Students getting their assignments done by AI has become a norm. How do you see this?

Prashant:

I might have an unpopular opinion here. 

We all are engineers and we all know how we have submitted our assignments. Any difference? 

The question should not be how to stop students using AI for assignments. The question is how relevant the whole system of assignments is.

It’s time teachers and educators be creative and rethink assignments. 

1) We can offer open book assignments which students will complete during their class time only. May be given 4 hours, a few questions and books. Students will read and prepare their assignments. Teachers can use AI to generate even personalized questions for each student.

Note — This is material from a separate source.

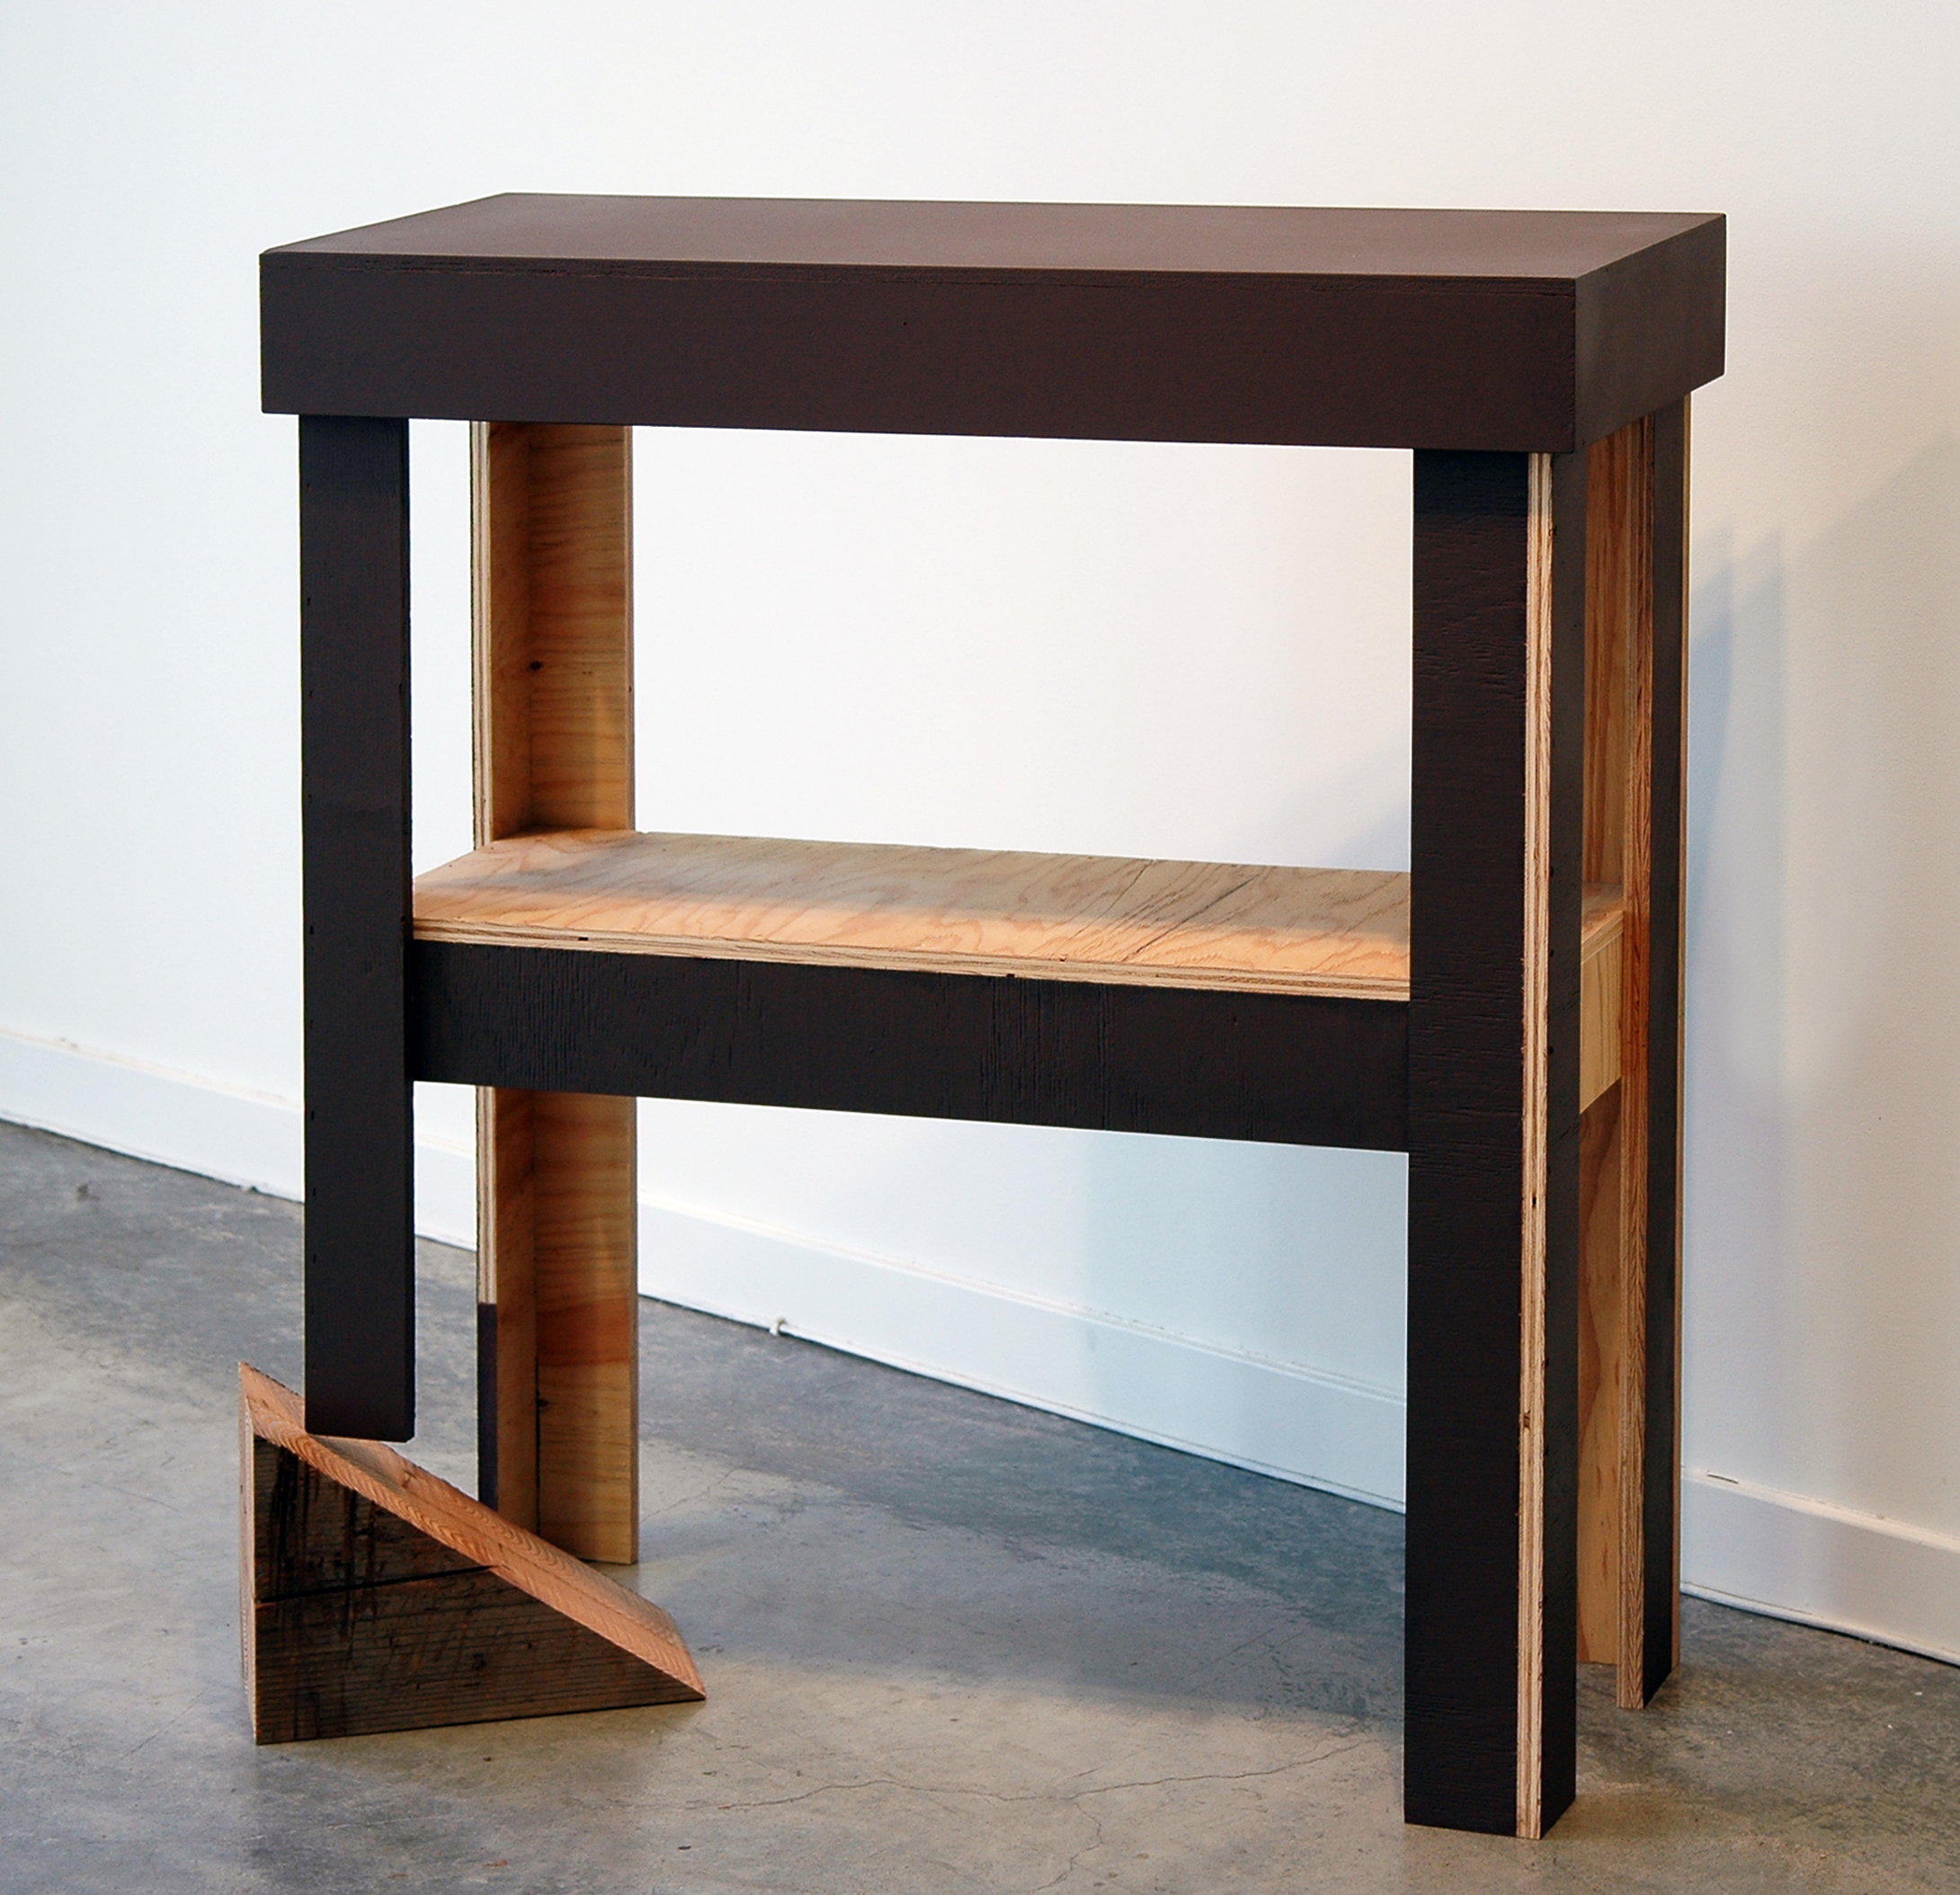   JOSHUA PIEPER   Table and Shim , plywood, shim and paint, 40.5" x 36.25" x 14.5", 2012 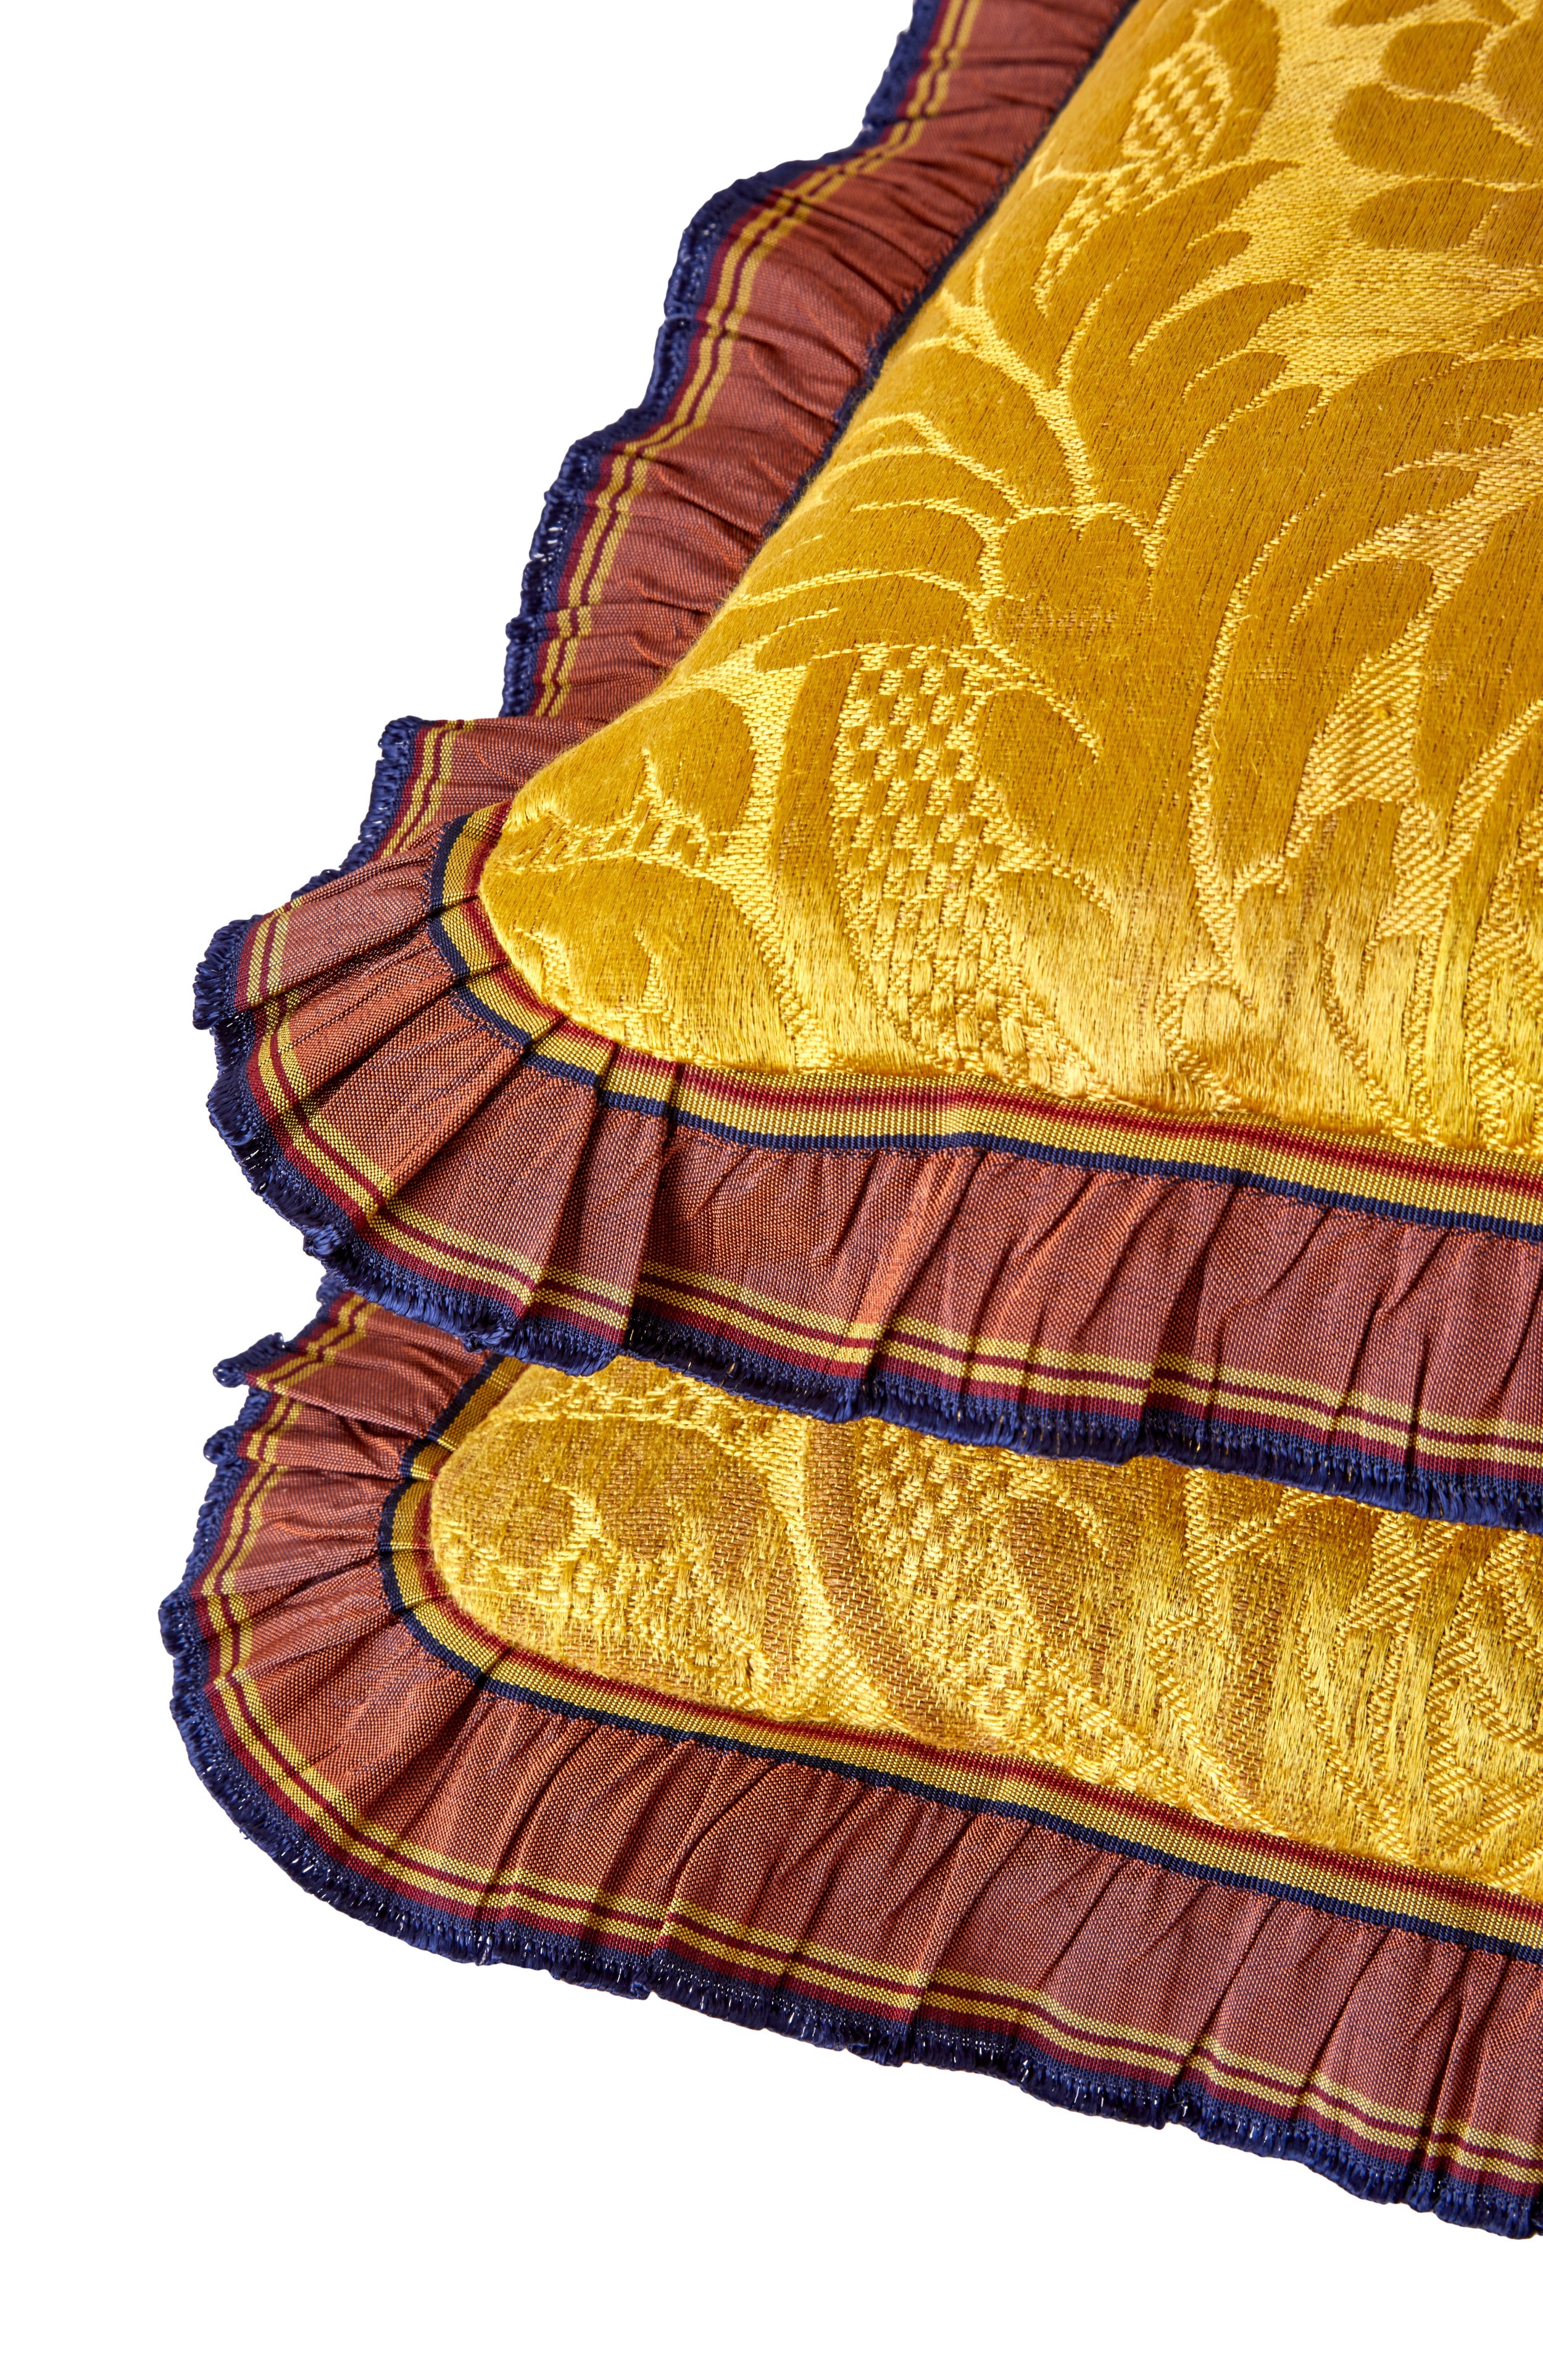 A Pair of Cushions made from 18th Century Gold Italian Silk Damask with an Antique French Grosgrain Ruffle Trim

2) Short projects and DIY as assignments are great. As a person in deep love of creative play and building a company wide-spreading the same, I would recommend this for engineering students too. Assign short, half a day to full day project making to them. And the outcome and its documentation should be reviewed for grading.

3) There can be assignments which force a student to be in the physical world. A civil engineering student can be asked to go to one of the buildings of the college and find out certain measurements and prepare certain ratios. A mechanical engineering student can be given a gear and asked to calculate and draw a connecting gear to achieve something. 

4) Certain assignments can be designed considering AI only. Why not ask the outcome along with the prompts they have used? And then review a book and prepare a comparison report of outcome generated by AI and what’s given in the book.

5) Prepare assignments where students are graded for the process and not the outcome.

Here are the concluding remarks.

Students: AI is a curse if you use it to replace your thinking, and it’s a boon if you use it to amplify your thinking.

Teachers: While preparing anything for students, ask “How to make students think” and not “how to make students stop using AI”.

I hope this helps engineering educators and students alike.